Sapphire Radeon R9 290X Tri-X 4GB Graphics Card Review
Sapphire Triple Fan Hawaii
It was mid-December when the very first custom cooled AMD Radeon R9 290X card hit our offices in the form of the ASUS R9 290X DirectCU II. It was cooler, quieter, and faster than the reference model; this is a combination that is hard to pass up (if you could buy it yet). More and more of these custom models, both in the R9 290 and R9 290X flavor, are filtering their way into PC Perspective. Next on the chopping block is the Sapphire Tri-X model of the R9 290X.
Sapphire's triple fan cooler already made quite an impression on me when we tested a version of it on the R9 280X retail round up from October. It kept the GPU cool but it was also the loudest of the retail cards tested at the time. For the R9 290X model, Sapphire has made some tweaks to the fan speeds and the design of the cooler which makes it a better overall solution as you will soon see.
The key tenets for any AMD R9 290/290X custom cooled card is to beat AMD's reference cooler in performance, noise, and variable clock rates. Does Sapphire meet these goals?
The Sapphire R9 290X Tri-X 4GB
While the ASUS DirectCU II card was taller and more menacing than the reference design, the Sapphire Tri-X cooler is longer and appears to be more sleek than the competition thus far. The bright yellow and black color scheme is both attractive and unique though it does lack the LED light that the 280X showcased.
Sapphire has overclocked this model slightly, to 1040 MHz on the GPU clock, which puts it in good company.
|AMD Radeon R9 290X||ASUS R9 290X DirectCU II||Sapphire R9 290X Tri-X|
|Rated Clock||1000 MHz||1050 MHz||1040 MHz|
|Memory Clock||5000 MHz||5400 MHz||5200 MHz|
|TDP||~300 watts||~300 watts||~300 watts|
|Peak Compute||5.6 TFLOPS||5.6+ TFLOPS||5.6T TFLOPS|
There are three fans on the Tri-X design, as the name would imply, but each are the same size unlike the smaller central fan design of the R9 280X.
Looking at the back of the card, you can clearly see both the heatsink and the fan shroud extend past the standard PCB. That is an interesting note to make as well: as far as I can tell the Sapphire Tri-X card is using the exact same PCB design as the reference AMD R9 290X cards we have in-house. Rather than have some engineers work on a custom design, Sapphire seems to be content with swapping the cooler and changing some firmware.
The Tri-X is a very heavy graphics card thanks to the large heatsink that Sapphire has integrated in the design. Here you can see the fins and heatpipes that whisk the heat away from the GPU to be cooled by the air movement of the three included fans.

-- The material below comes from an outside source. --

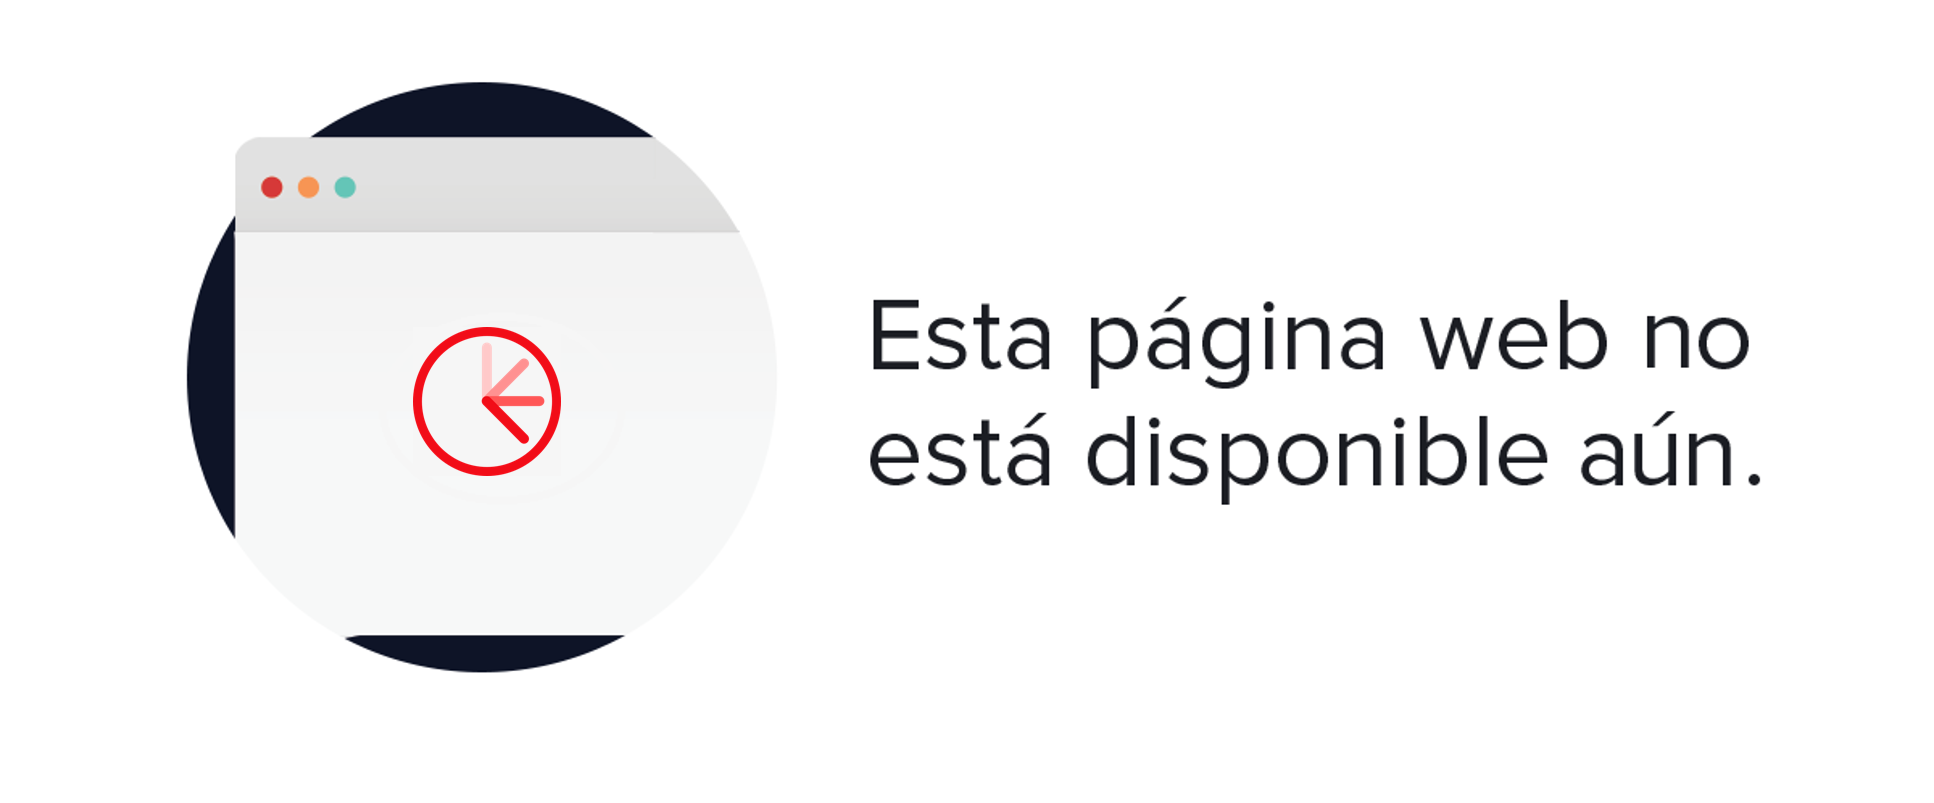 65f30fea136 Polo Ralph Lauren - Falda midi de mujer Polo Ralph Lauren realizada en piel Marrón  claro 001014962292265002 - BSKRXGN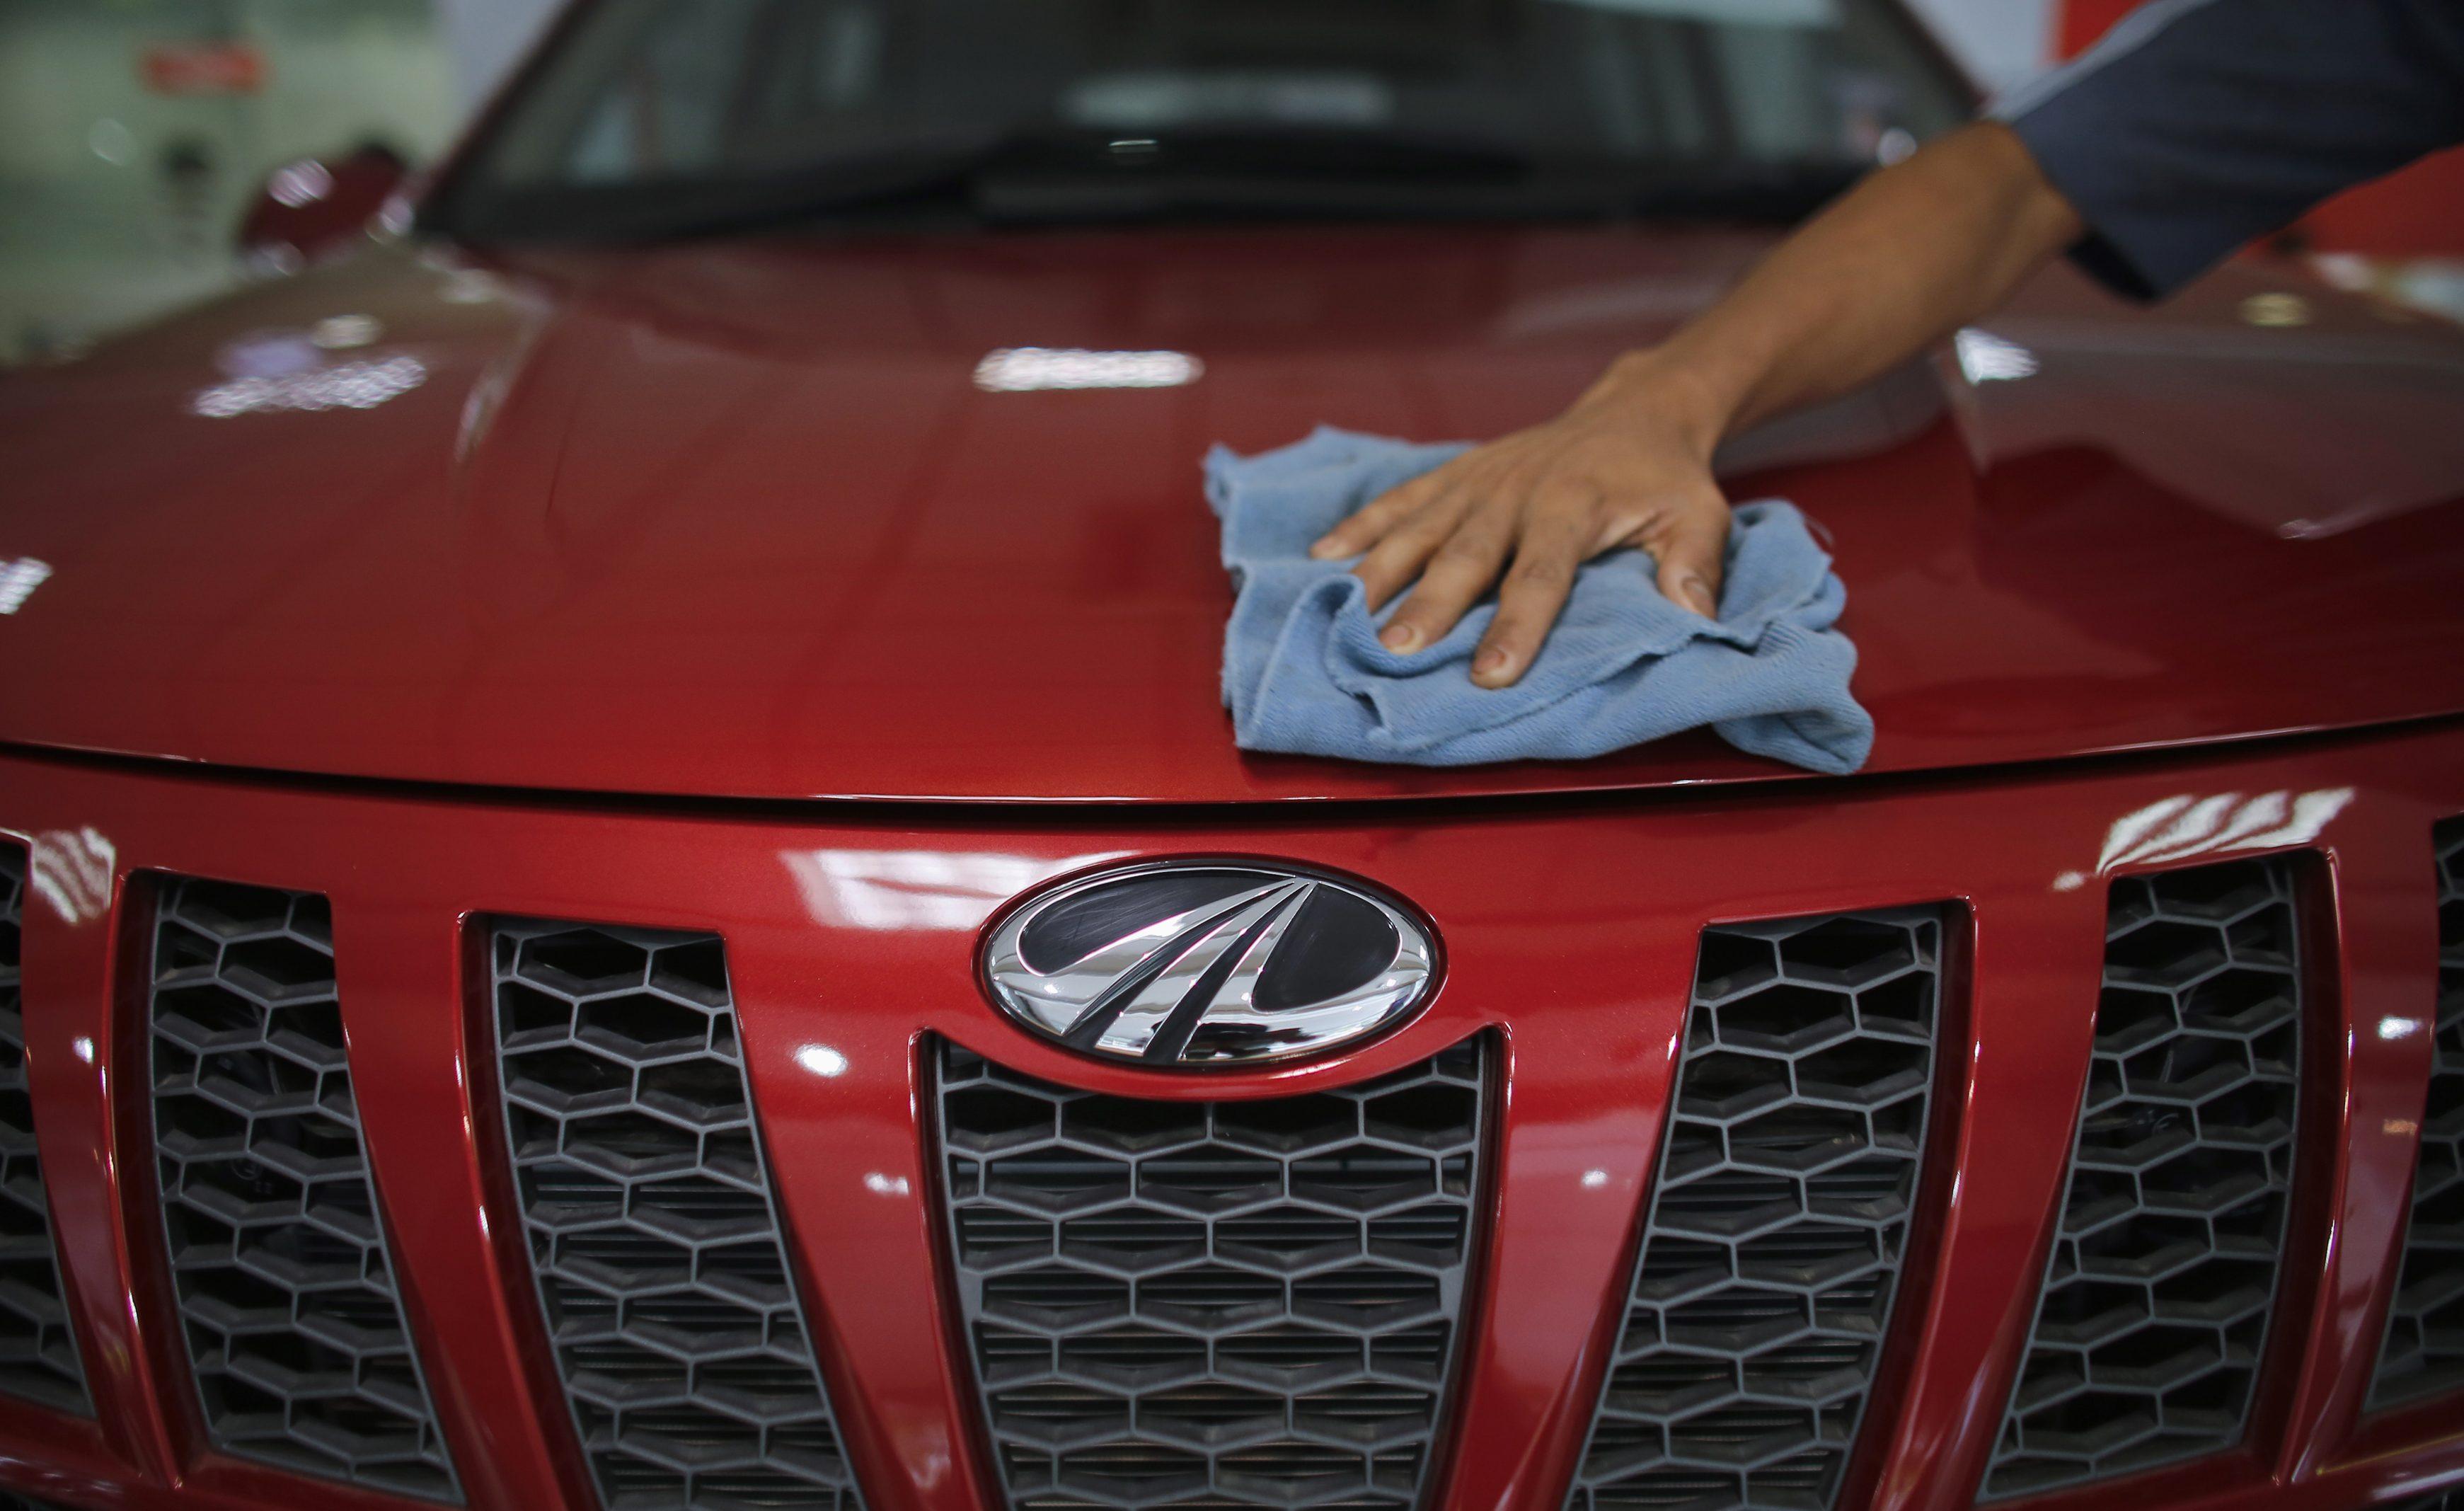 India's pre-owned cars boom has OLX, CarDekho, Cars24

External display connectivity also remains unchanged with support for a pair of dual-link DVI connections, a full-size HDMI port and a full-size DisplayPort.
The Sapphire Tri-X 290X still only requires a 6-pin and an 8-pin power connection. This angle might make it look like the connections are hard to remove after having been installed, but there is more than enough room for your fingers.
The fans Sapphire has included on the Tri-X are surprisingly efficient and quiet (as you will see in our testing on the following pages). The Sapphire model was more than capable of keeping up with the ASUS DirectCU II in our testing.
This side by side comparison shows the difference in the size between the Sapphire and the ASUS custom R9 290X models. No girth jokes, okay?